I keep thinking there’s got to be a point when we can stop saying “look how right and doomed we are” via research and thinkpieces and academic theorising and fictional exploration and online discussion (and I’m “guilty” of literally all of these, BTW) and actually get something done, right?
But is that even possible?
I mean, look at the last part of that foreignpolicy.com article:
Maybe this means better public services. Maybe it means basic income. Maybe it means a shorter working week that allows us to scale down production while still delivering full employment.
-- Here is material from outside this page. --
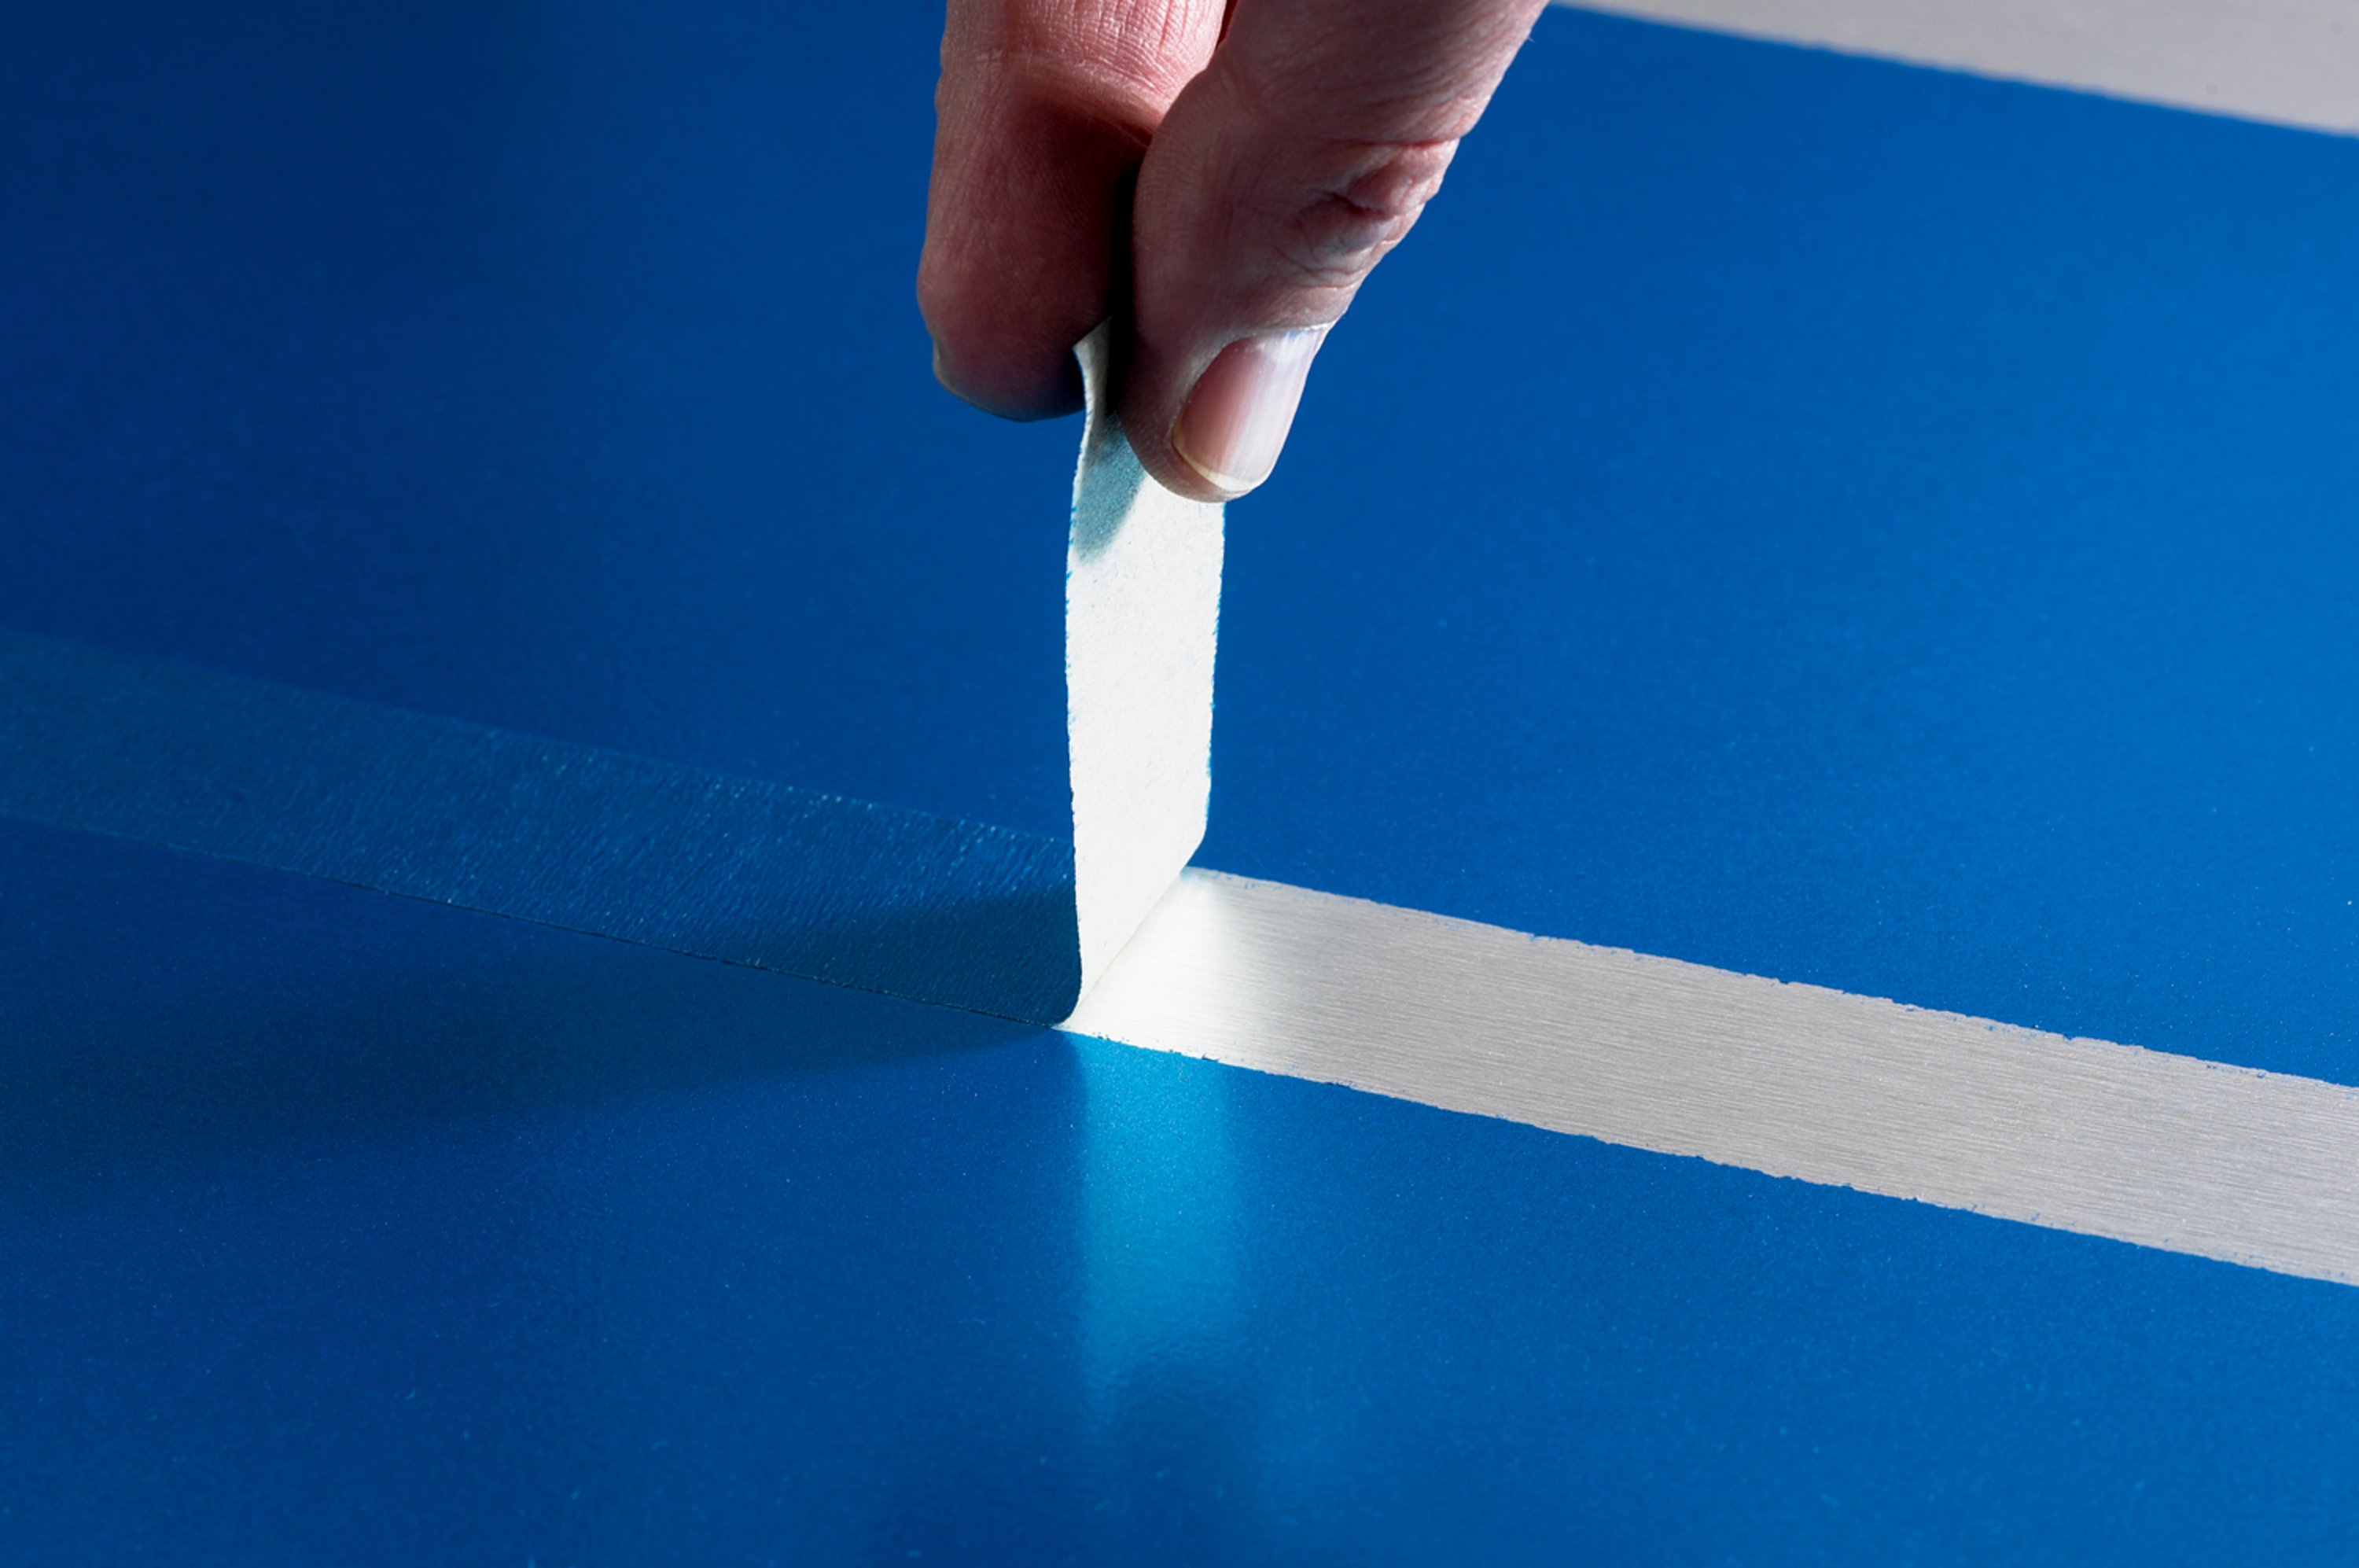 3M™ High Performance Masking Tape 2693 performs very well in large scale paint masking applications, offering some the best holding power and heat resistance while proving to be among the easiest to unwind.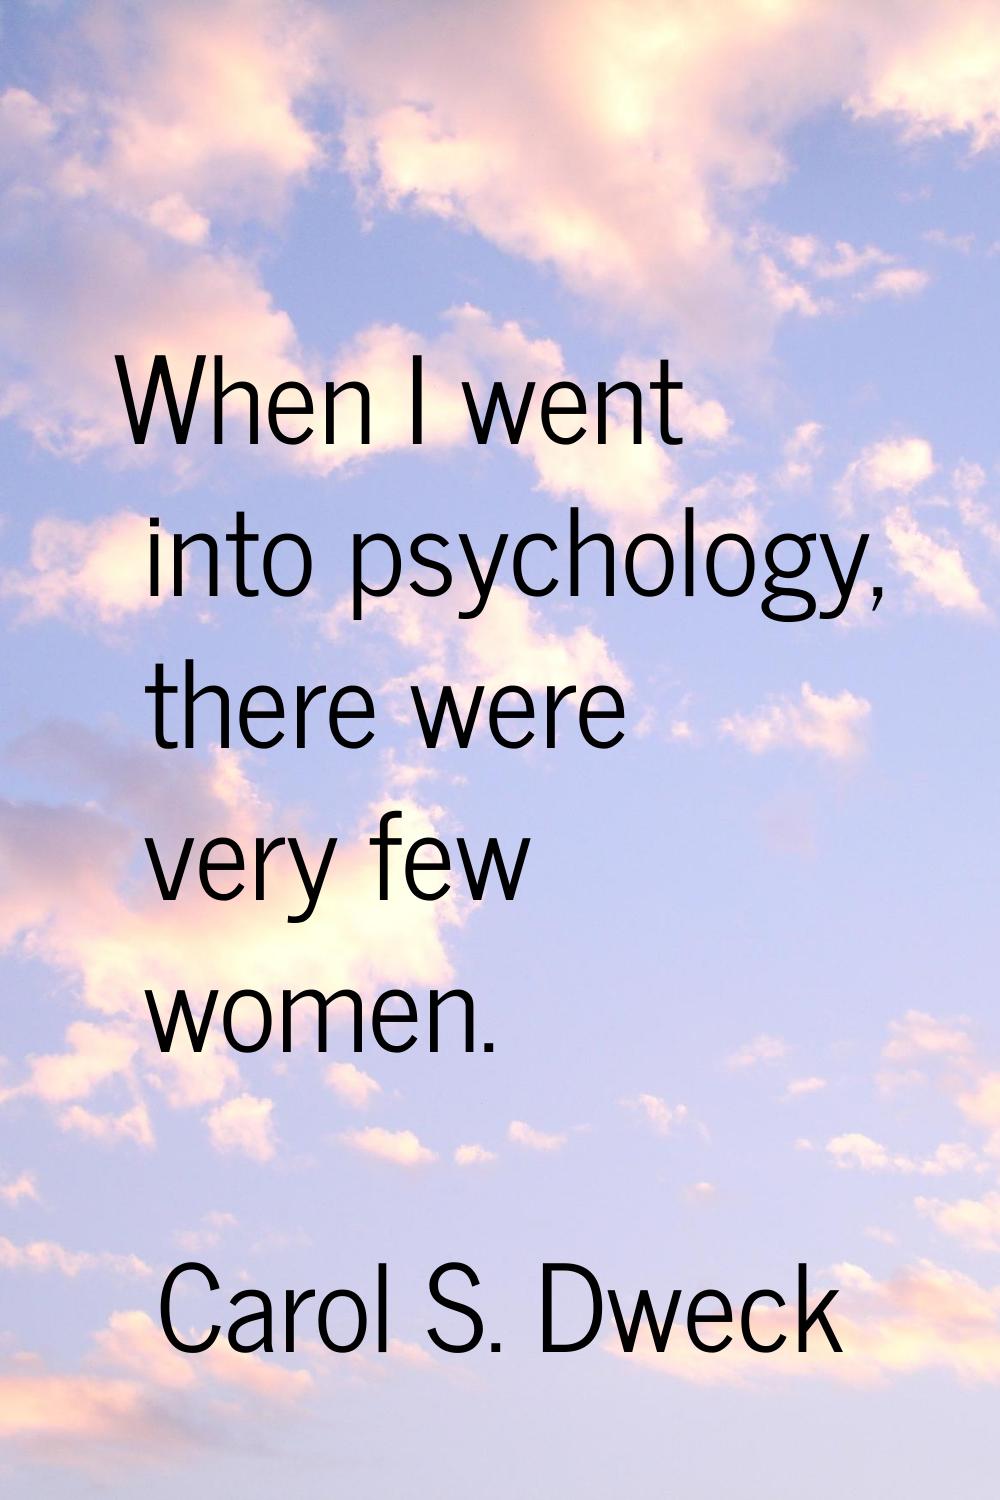 When I went into psychology, there were very few women.

So… we need more (very basic, very sensible IMO) socialist policy to “save the world”, right? And yet it just seems so unlikely that there is the democratic will (here in Australia or in most other countries) to make ANY of that happen on a big enough scale.
Look at the state of the world today - almost fully in the thrall of capital & all its weird psycho-cultural voodoo - how could this sort of popular socialist project conceivably gain the cache to start unfettered operation before the natural world is irreversibly damaged and life as we know it heads towards a logistically grim conclusion?
SO THEN: Why (Expend The Effort To) Care?
I can feel myself increasingly shying away from global/big picture style stuff (including politics/environmental issues/social justice) to more insular, personal stuff. And every time I (say, for example) read an article that should maybe galvanise my sense of injustice or whatever (and logically addressing environmental apocalypse seems like it should be our primary task as a species, right now) I increasingly find myself dismissing “it” as pointless yelling into the void or, at best, choir-preaching, and I feel compelled to turn away and spend my time (and its attendant thought-cycles, so limited in availability and unlimited in potential application) elsewhere.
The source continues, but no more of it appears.